Cyber Threat Detection and Response Using Machine Learning Models

Ajay Kumar
8 min readOct 11, 2019
https://www.springboard.com/blog/machine-learning-projects/

The threat landscape continues to grow year-on-year with a new type of threat actors — proportionally cybersecurity incidents are growing both in volume and sophistication. 34 percent of breaches are caused by internal actors whereas 69 percent perpetrated by outsiders according to Verizon 2019 Data Breach Investigation Report. The report further states that 56 percent of breaches took months or longer to discover. Financial gain is the ultimate and the most common motivation behind any data breaches.

It is the fact that the traditional security systems were built to attempt to find the bad guys by searching for known signature or exploits at a selected location and during a single point in time using the point solutions. Attackers are continuing to penetrate and evade enterprise defenses, what is today’s digital enterprise need is a rapid detection and response capabilities enabled through behavioral analytics. Every enterprise today generates a huge amount of log data in terabytes by size from user actions, server activity, application and network devices across the organization’s IT ecosystem. However, organizations are unaware of getting the insights from these log data, and challenges for the security team to provide contextual value out of the logs to secure and manage the operation of the digital enterprise.

User Behavior Analytics (UBA) is an innovation in security management practices that leverages the power of machine learning and big data to help detect the cyber threats, and could help enterprise in transforming security & risk management to the next level, because UBA makes it easy for enterprises to gain visibility into user and entities (assets) behavior patterns to find malicious or criminal insiders without disrupting the business.

Big Data & Machine Learning capabilities: To find the threats in the enterprise, it is very impartment for today’s digital enterprises to put in place a solution and capabilities to automatically learn & discover new threats by leveraging the information available in the logs. For example, if a user in his day-to-day activity uses his own system to perform his duties, and in a few instances, access the file servers which looks legitimate. However, if the same user tries to access an executive’s system in the network, then it can’t be considered a “normal” activity. So UBA solutions should be able to learn the user & entities relationship, how the relationship is formed and changes over time, and automatically alert if an abnormal or malicious behavior detected that deviates from the normal.

To introduce & implement any new technology in the enterprise, it is necessary to understand the architecture, capabilities, functionalities and how the technology works in an environment under certain conditions. UBA platform consists of three primary components:

Data Integration: This is the foundational requirements to build the UBA capabilities and should be able to integrate with require log sources of the enterprise including structured or unstructured information example logs from SIEM, VPN gateway, network flow data and application logs as well as ingest logs from csv files and syslog. It is important for the enterprises to look at the supported log sources that a particular UBA vendor supports and can help implement the intended use cases and meet the enterprise needs before buying the solution.

Data Analytics: Its primary purpose is to enrich and analyze the data, use an analytical algorithm to learn an environment example server vs user activity, normal user vs executive users or privileged users and make sense of it.

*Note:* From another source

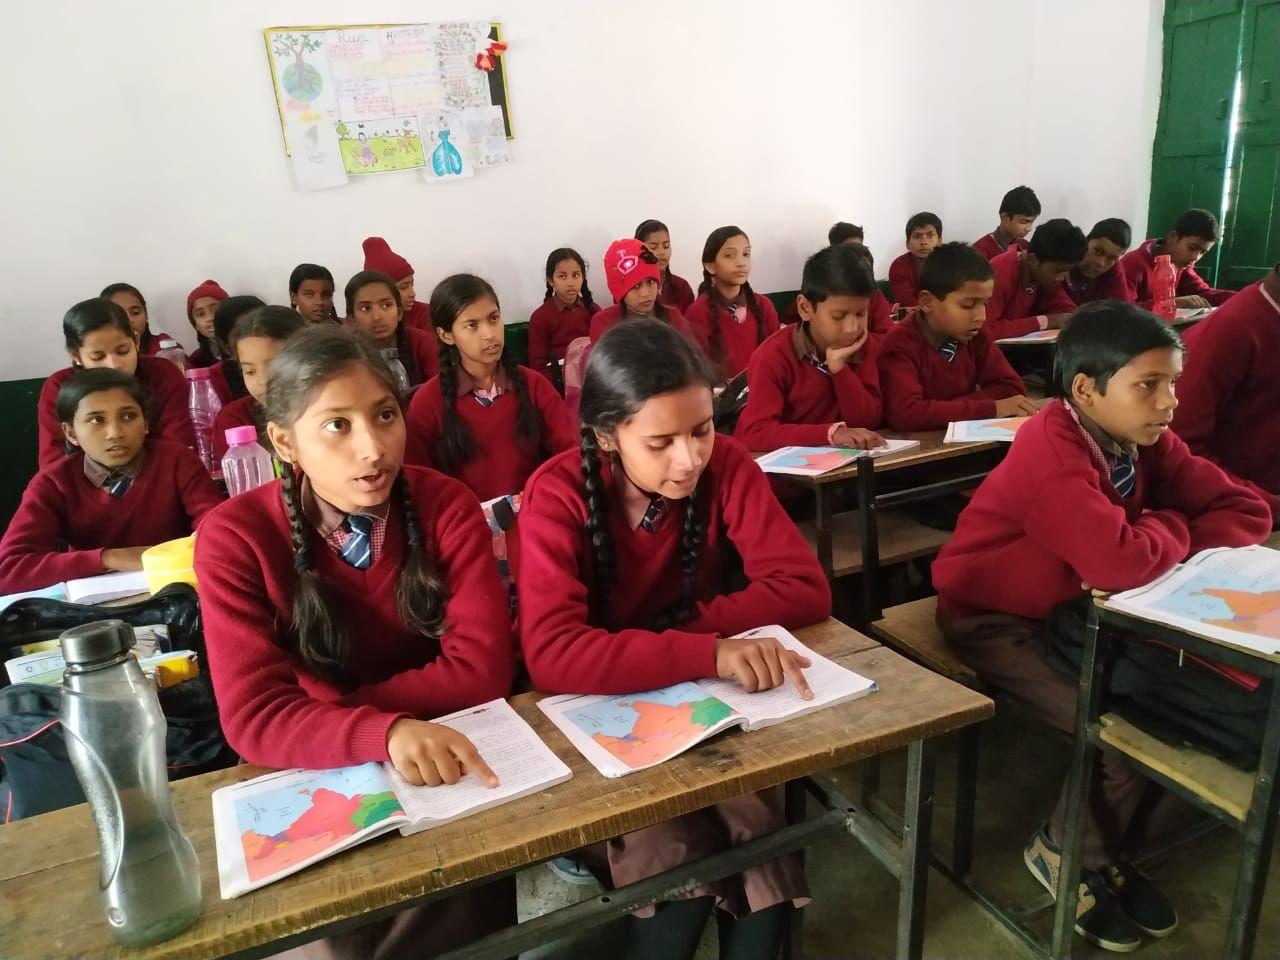 इस स्कूल में प्रधानाध्यापक अभिभावकों से भरवाते हैं शपथ पत्र

And can analyze the user and system behavior, understand normal vs malicious activity, etc.

Data Presentation & Visualization: It shows the data analytics results in a manner useful to the enterprise & security team so that patterns & trends in security interactions are readily apparent, can be acted on, and be able to pull up all related information by drilling down into the detailed level events.

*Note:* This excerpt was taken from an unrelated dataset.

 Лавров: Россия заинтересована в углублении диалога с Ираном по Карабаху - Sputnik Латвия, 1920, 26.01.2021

Threat hunting capabilities: UBA vendors also offers threat hunting capabilities around allowing the security team to query the platform to find user activity containing specific attributes such as an alert triggered due to malware activity from the system user was associated with or a phishing email activity being detected from other endpoint solutions etc. The solution should be able to assist in determining anomalous behavior patterns, prioritize high risky behavior, and smoke out “the noise” to allow security analysts to focus on high-risk and high-priority alerts.

A strategic approach to build the UBA capability: The best approach to build new capabilities in the enterprise is to start with small steps and then move one step at a time to be able to cope with the ongoing changes as well as for the stakeholder to be able to understand the technology, and business aspect of it as to why the solution is being implemented, and what value it brings to the table with respect to advancing enterprise security posture.

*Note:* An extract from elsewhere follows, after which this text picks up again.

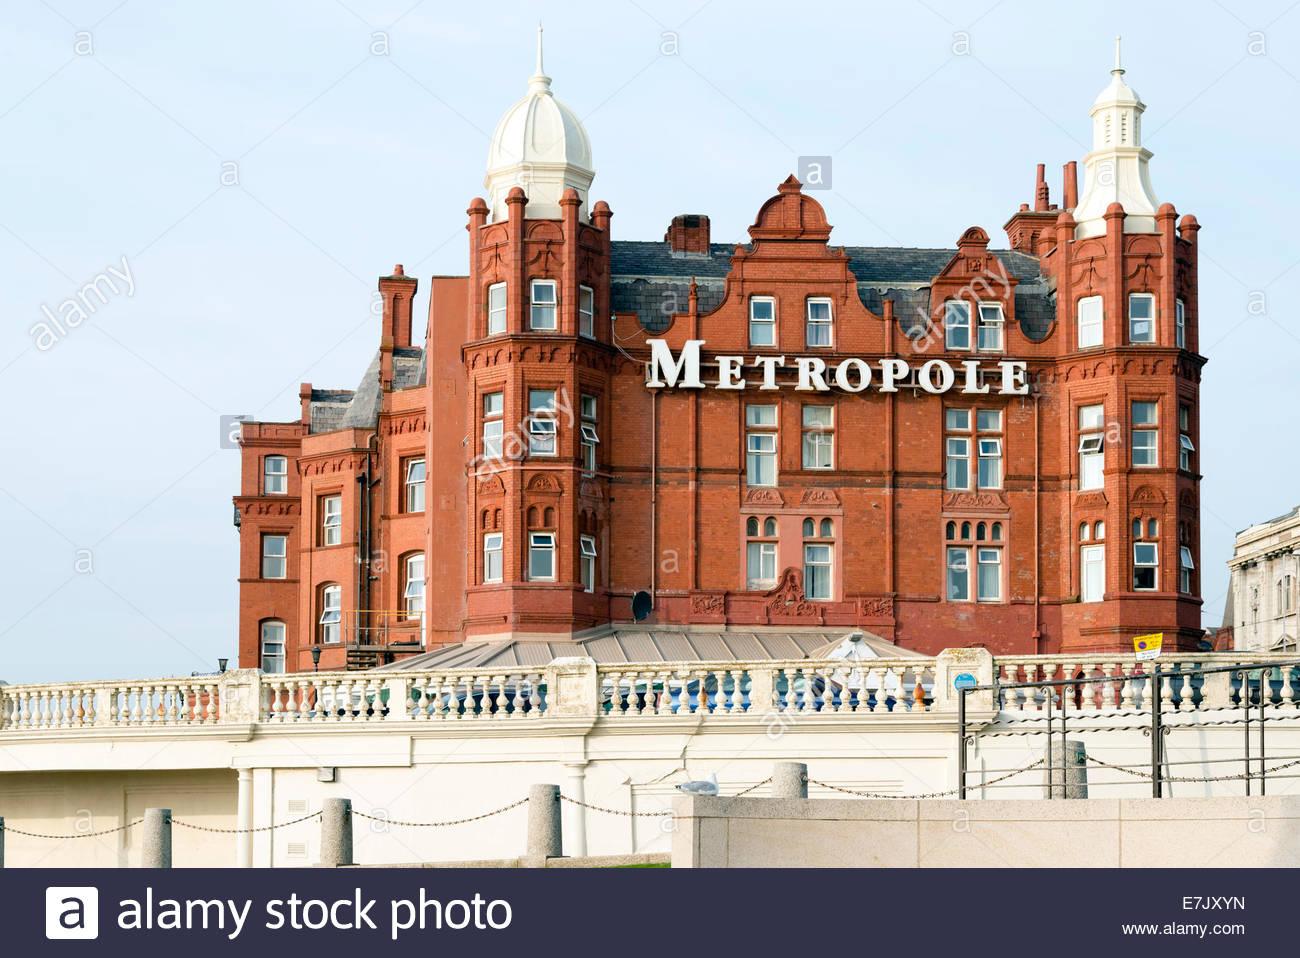 Metropole hotel, Blackpool, Lancashire, UK. - Stock Image

Moreover, UBA market is composed of various vendor offerings & services that can help find individuals or networks of individuals that are responsible for security violations. Vendors can help detect various types of offending entities such as a user, system or IP address and distinguished by their ability to roll up, analyze data and connect that individual to groups or other entities engaged in malicious behavior.

Phase 1: Identify and research the solutions available out there in the market, who are the top vendors, what technology, capabilities or services they offered and complete the vendor assessment based on various set of questionnaires such as what is the licensing model, cloud vs on-premises deployment model, hardware appliance vs virtual appliance, available pre-configured reports vs customization capabilities, how is the architecture looks lie, etc. at the high level. At this stage, you will get a fair idea about technology, understanding of functionalities, vendor offerings, and how the solutions can work in the enterprise with respect to meeting the unique enterprise security requirements by meeting the vendors, discussing the high-level details, and understanding the product roadmap.

Phase 2: Once high-level understanding is gained at the end of phase 1, then it’s time to move into the next phase and start digging deeper into the top 5 or 6 vendor solutions by drill down into details. This phase requires time and effort to go over selected vendor solutions and converting 3–5 requirements into use cases to setup the POC environment with each vendor solution. This phase is also called the evaluation phase.

At this stage, it is very critical to understand what type of data sources the vendor supports direct integration with to support the unique enterprise security use cases, many vendors ingest log data from multiple sources directly vs some require connectors to get the data from log sources to ingest normalized events into UBA platform.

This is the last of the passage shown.